Prompt Cheatsheet (1/2)

A — Wireframes & KPIs

Act as a visualization TA. Given columns date,country,metric,value, propose 3 dashboard wireframes (KPI strip + main trend + small multiples). Output: titles, annotation ideas, and accessibility notes.

B — Tidy & Validate (already done with the synthetic data)
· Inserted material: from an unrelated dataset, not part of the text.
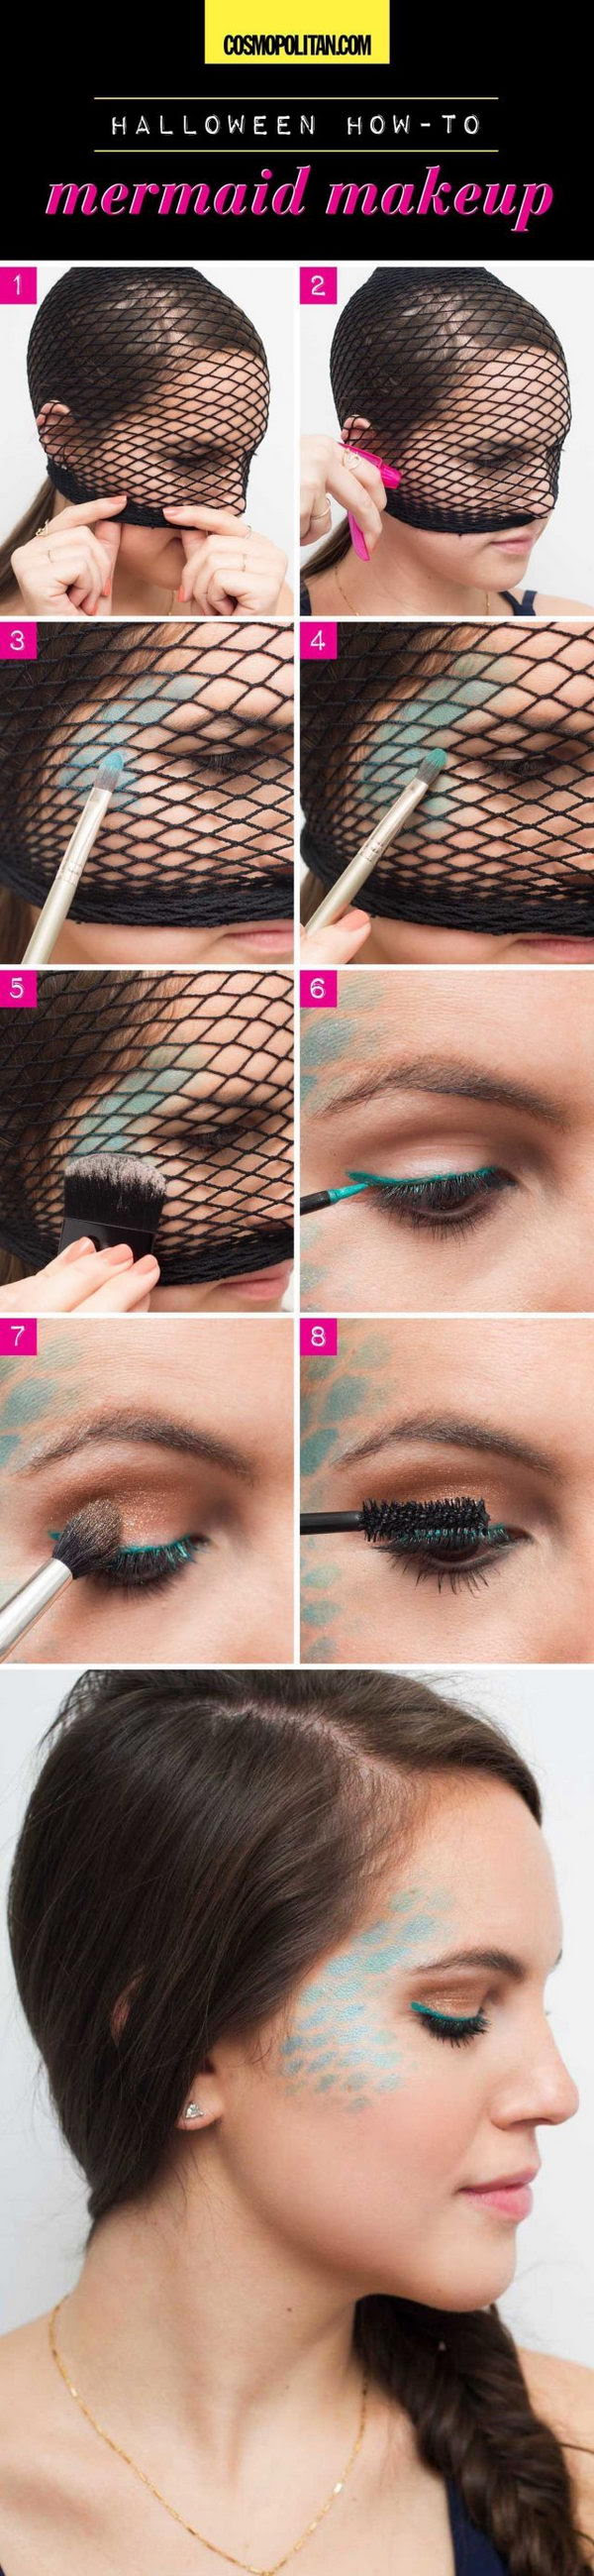 Cool halloween makeup tutorials

Write code to: (1) coerce month‑end dates, (2) detect duplicates on (date,country,metric), (3) export data/golden.parquet, and (4) print a concise validation summary.

Prompt Cheatsheet (2/2)

C — Chart Critique

Given this code + chart description, propose 3 concrete improvements (titles/scales/labels) and show the revised code.

D — App Scaffold

Generate a one‑page Streamlit/Shiny app with country & metric selectors, a KPI card (last value + YoY%), main chart, and a download button. Keep it minimal and fast.

E — Publication Audit

Audit the chart/app against this checklist (titles, axes/units, color‑blind safety, footnotes, last updated). Return exact fixes (code + text) and a 2‑sentence executive summary.

Tidy & Validate — Python

# python/tidy.py
import pandas as pd, numpy as np, os
os.makedirs("data", exist_ok=True)

# Try to load; otherwise create synthetic fallback
try:
    df = pd.read_parquet("data/golden.parquet")
except Exception:
    dates = pd.period_range("2019-01", "2025-06", freq="M").to_timestamp("M")
    countries = ["CH","FR","DE"]
    rng = np.random.default_rng(0)
    rows = []
    for c in countries:
        base = 100 + rng.normal(0,1)
        price = base + np.cumsum(rng.normal(0,1,len(dates))) + 0.15*np.arange(len(dates))
        cpi   = 100 + np.cumsum(np.clip(rng.normal(0,0.3,len(dates)), -0.2, 0.8))
        rows += [(d,c,"price",p) for d,p in zip(dates,price)]
        rows += [(d,c,"cpi",v) for d,v in zip(dates,cpi)]
    df = pd.DataFrame(rows, columns=["date","country","metric","value"])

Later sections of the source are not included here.